Notice in the figure that the frame of reference is located at the launching point, so that y0 = 0.
y = y0 + v0 · t · sin α + 1/2 · g · t²
y = 175 m/s · 10.7 s · sin 36.7° - 1/2 · 9.8 m/s² · (10.7 s)²
y = 558 m
The maximum height reached by the projectile is 558 m
b) Since the motion of the projectile is parabolic and the acceleration is the same during all the trajectory, the time of flight will be twice the time it takes the projectile to reach the maximum height.
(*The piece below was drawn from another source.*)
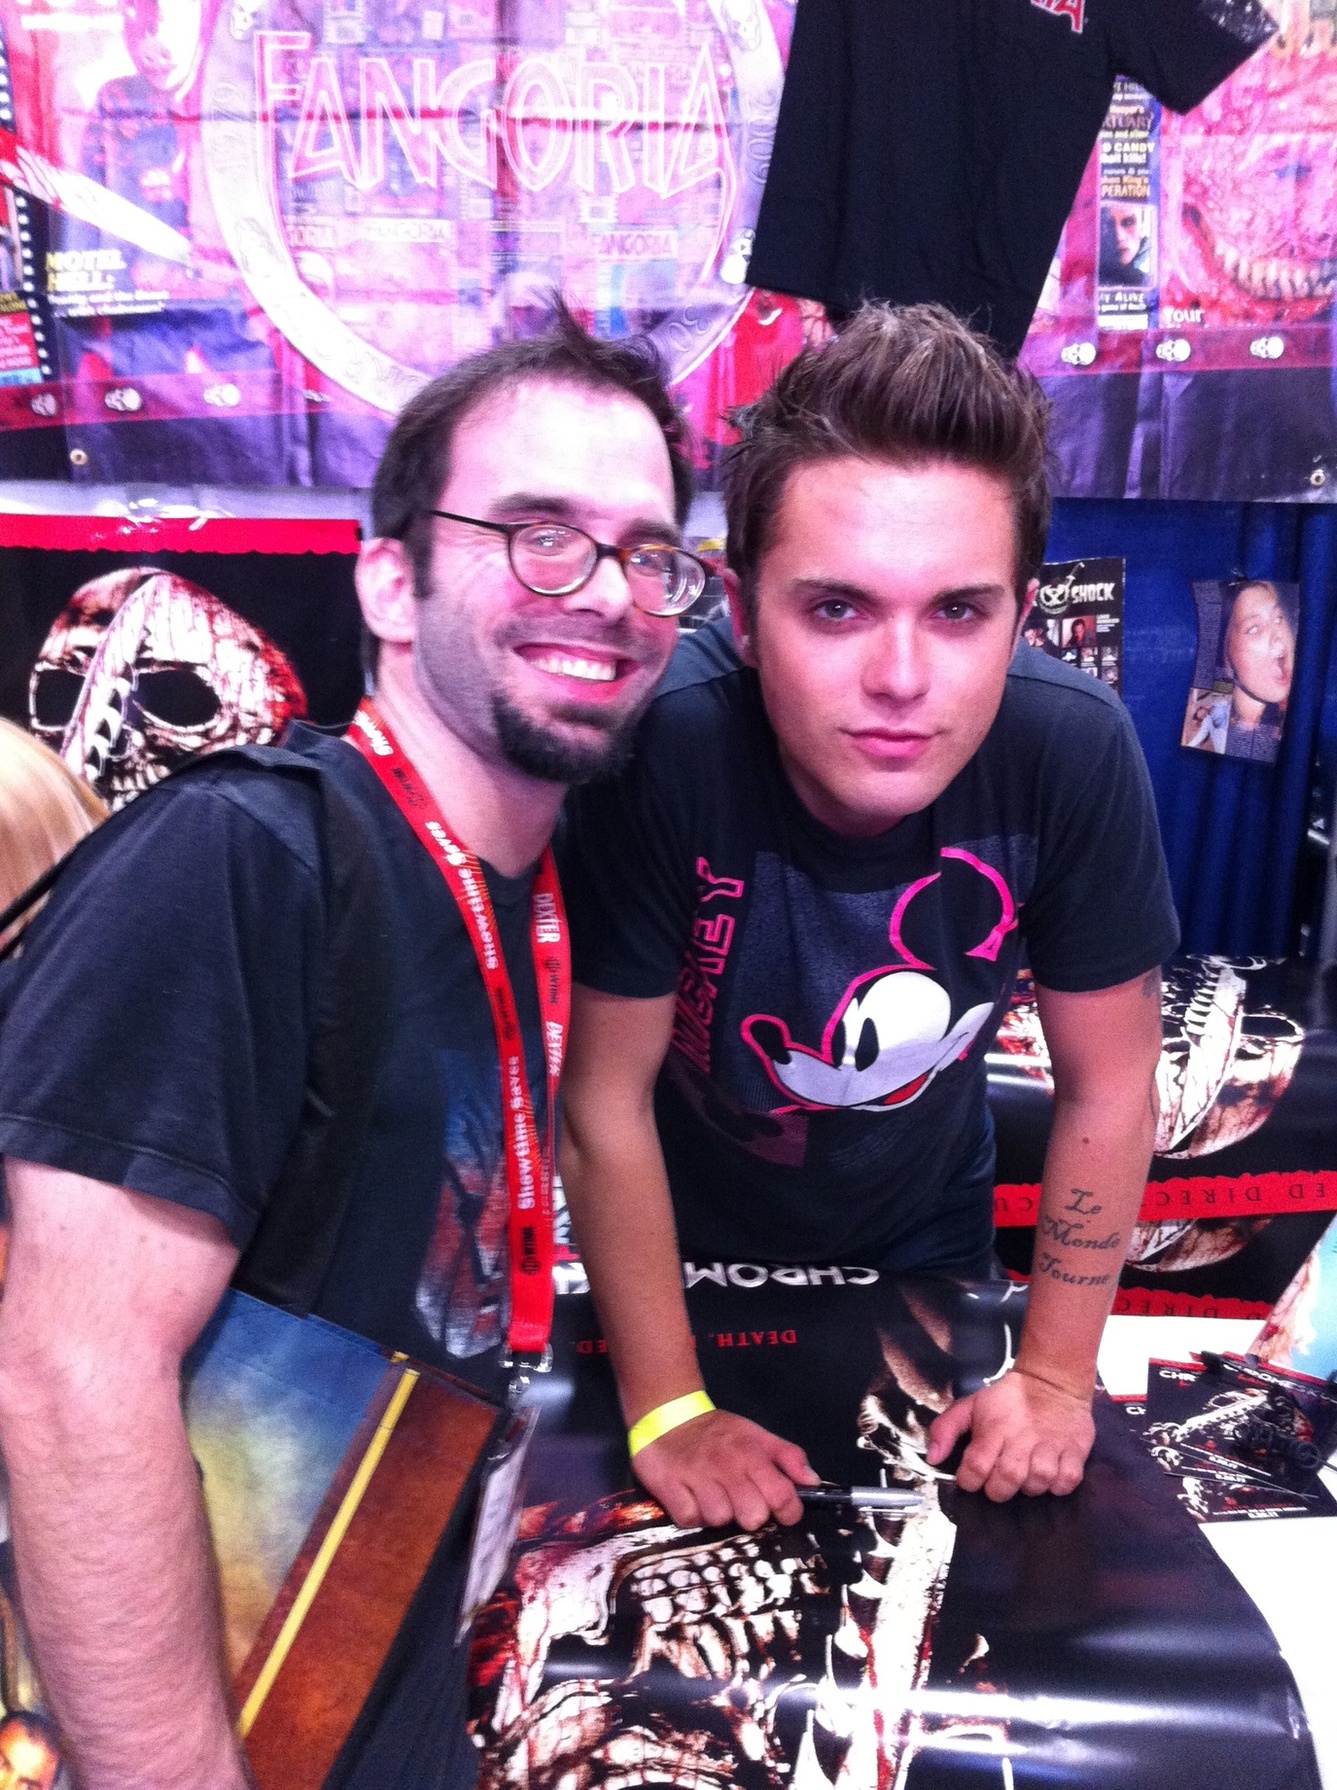 Thomas Signing at Comic Con

Then, the time of flight of the projectile will be (2 · 10.7 s) 21.4 s. However, let´s calculate it using the equation for the position of the projectile.
We know that at final time the y-component of the vector position (r final in the figure) is 0 (because the vector is horizontal, see figure). Then:
y = y0 + v0 · t · sin α + 1/2 · g · t²
0 = 175 m/s · t · sin 36.7° - 1/2 · 9.8 m/s² · t²
0 = t (175 m/s · sin 36.7 - 1/2 · 9.8 m/s² · t)
0 = 175 m/s · sin 36.7 - 1/2 · 9.8 m/s² · t
- 175 m/s · sin 36.7 / -(1/2 · 9.8 m/s²) = t
t = 21.3 s
The projectile was 21.3 s in the air.